2.1.2 Three documents, namely D12, D13 and D14, are cited against claim 1. Documents D13 and D14 are cited under Article 54(3) EPC in view of the fact that claim 1 is admittedly only entitled to 26 January 1998 as its filing date and not to 24 January 1997, the claimed priority date, as the priority document covers only a method in which one of the pairs of oligonucleotides provided in step a) is always linked to a member of a specific binding pair (MSBP), a feature which is absent from claim 1.
2.1.3 Document D12 describes the use of a polymerase chain reaction-based approach to genetic engineering called "gene Splicing by Overlap Extension" (SOE) which does not depend on the occurrence of restriction enzyme recognition sequences at the recombination site to construct a gene encoding a mosaic fusion protein comprised of parts of two different mouse class-I major histocompatibility genes. The ambit of document D12 does not go beyond the construction of individual genes. The general mechanism of SOE as illustrated in Figure 1 (see page 63) involves a succession of steps which allows the construction of a particular recombinant product and its amplification as soon as it is formed. There is no disclosure of a method for creating a polynucleotide library.

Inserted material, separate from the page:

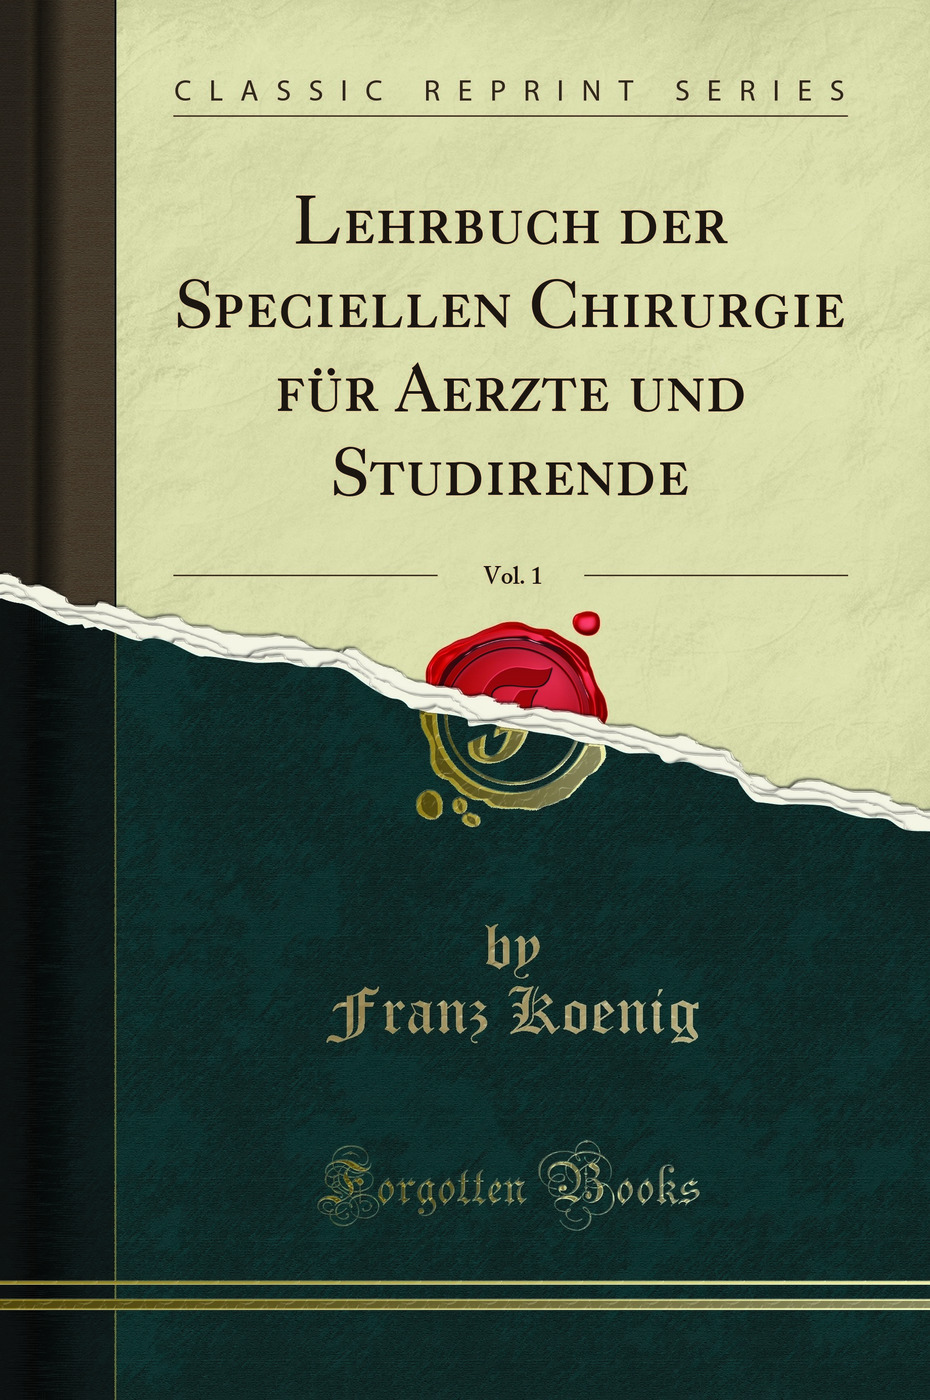 Lehrbuch der Speciellen Chirurgie fÃ¼r Aerzte und Studirende, Vol. 1 - Franz Koenig

2.1.4 Respondent II argues that nevertheless the rationale of decision T 210/93 (see Section XII, supra) should apply to the present case. This argument is not tenable as there is no disclosure in document D12 of a method inevitably leading to a polynucleotide library. Although the SOE technology was known at the filing date, there is no information in document D12 from which it could be derived that a polynucleotide library would be inevitably obtained, even when considering the mere speculative statement found at the top of page 62 that "[T]he SOE approach is a fast, simple, and extremely powerful way of recombining and modifying nucleotide sequences".

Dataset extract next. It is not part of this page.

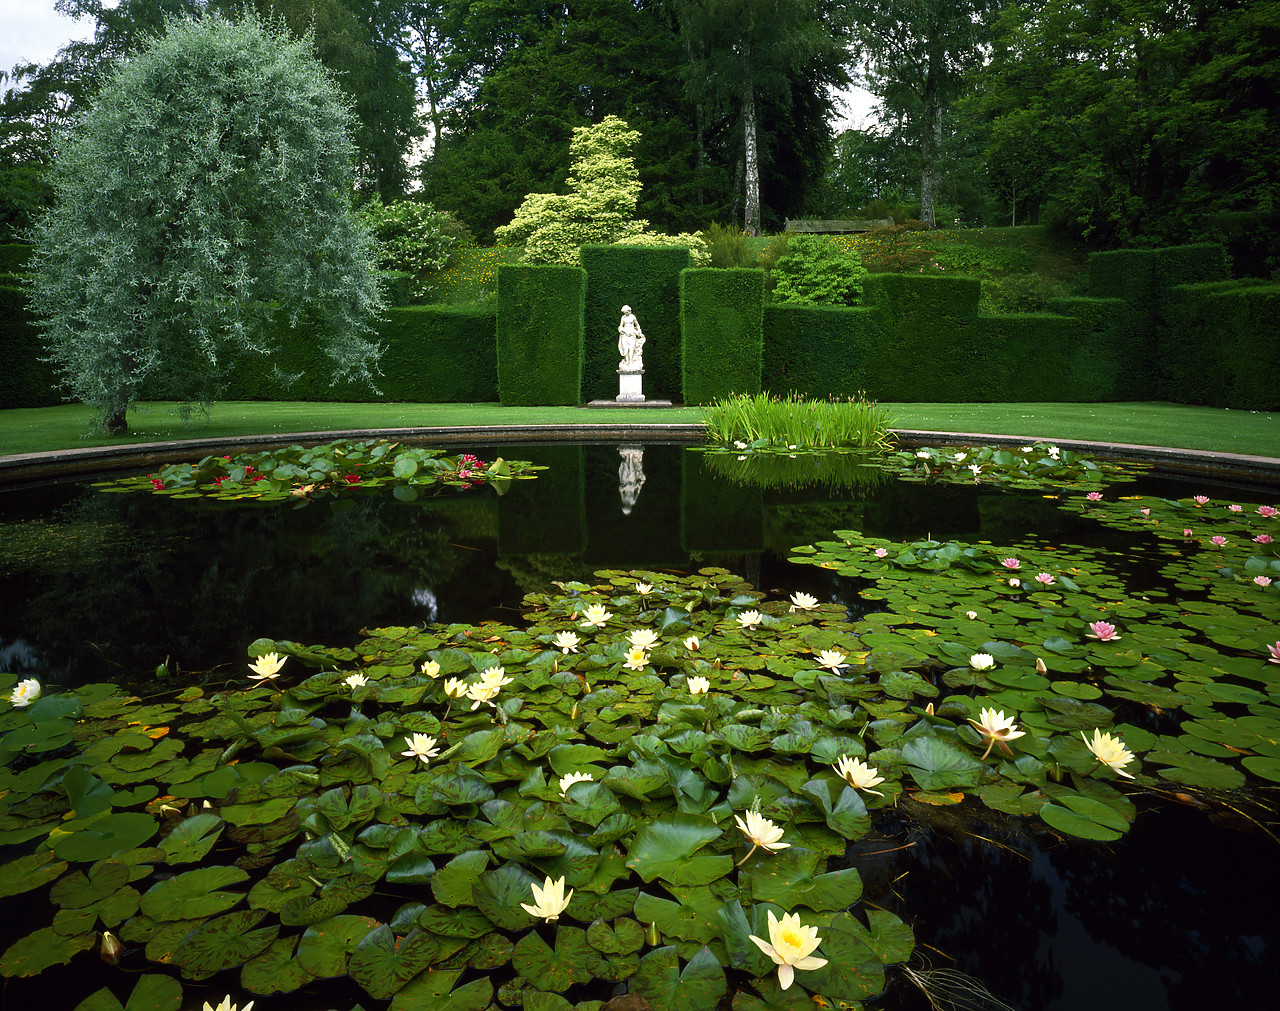 #913479-1 - Garden Lily Pond, Knightshayes Court, Devon, England

2.1.5 Thus, the method of claim 1 is new over document D12.
2.1.6 Document D13 describes methods for polypeptide engineering relying on recursive sequence recombination and involving one of two search strategies classified as "coarse grain shuffling" and "fine grain shuffling" which allow analysis of variation occurring within a nucleic sequence. Section (e) (see page 70) describes how to carry out a fine grain search when looking for improved interferon (IFN) alpha hybrids. The modelled structure of IFN alpha has been divided into nine adjacent and non-overlapping segments (see Table III on page 69). Each of the nine segments is synthesized as well as two sets of degenerate oligonucleotides encoding the nine segments. Each of the nine synthetic segments is then amplified by PCR with the 18 PCR oligonucleotides. Full length genes using the oligo direct recombination method are generated, transfected into a host, and assayed for hybrids with desired properties.
2.1.7 The respondents argue that Section (g)) (see page 71) describes a particular embodiment of the fine grain shuffling which corresponds to the method according to claim 1.
2.1.8 In reality, Section (g) is only a brief (8 lines) and merely speculative (as the use of the conditional tense underlines) passage of the description which only suggests to make the fine grain search as reported in section (e) more "gentle", this being supposedly achieved by obtaining a candidate starting point, such as the "IFN-Con1 consensus interferon" and "gently" searching from there. This disclosure is insufficient to provide the skilled person with a clear view of how Section (g) actually combines with Section (e). Thus, the information provided by Section (g) does not amount to a clear and unambiguous disclosure as required for an assessment of novelty. Therefore, claim 1 is new over document D13.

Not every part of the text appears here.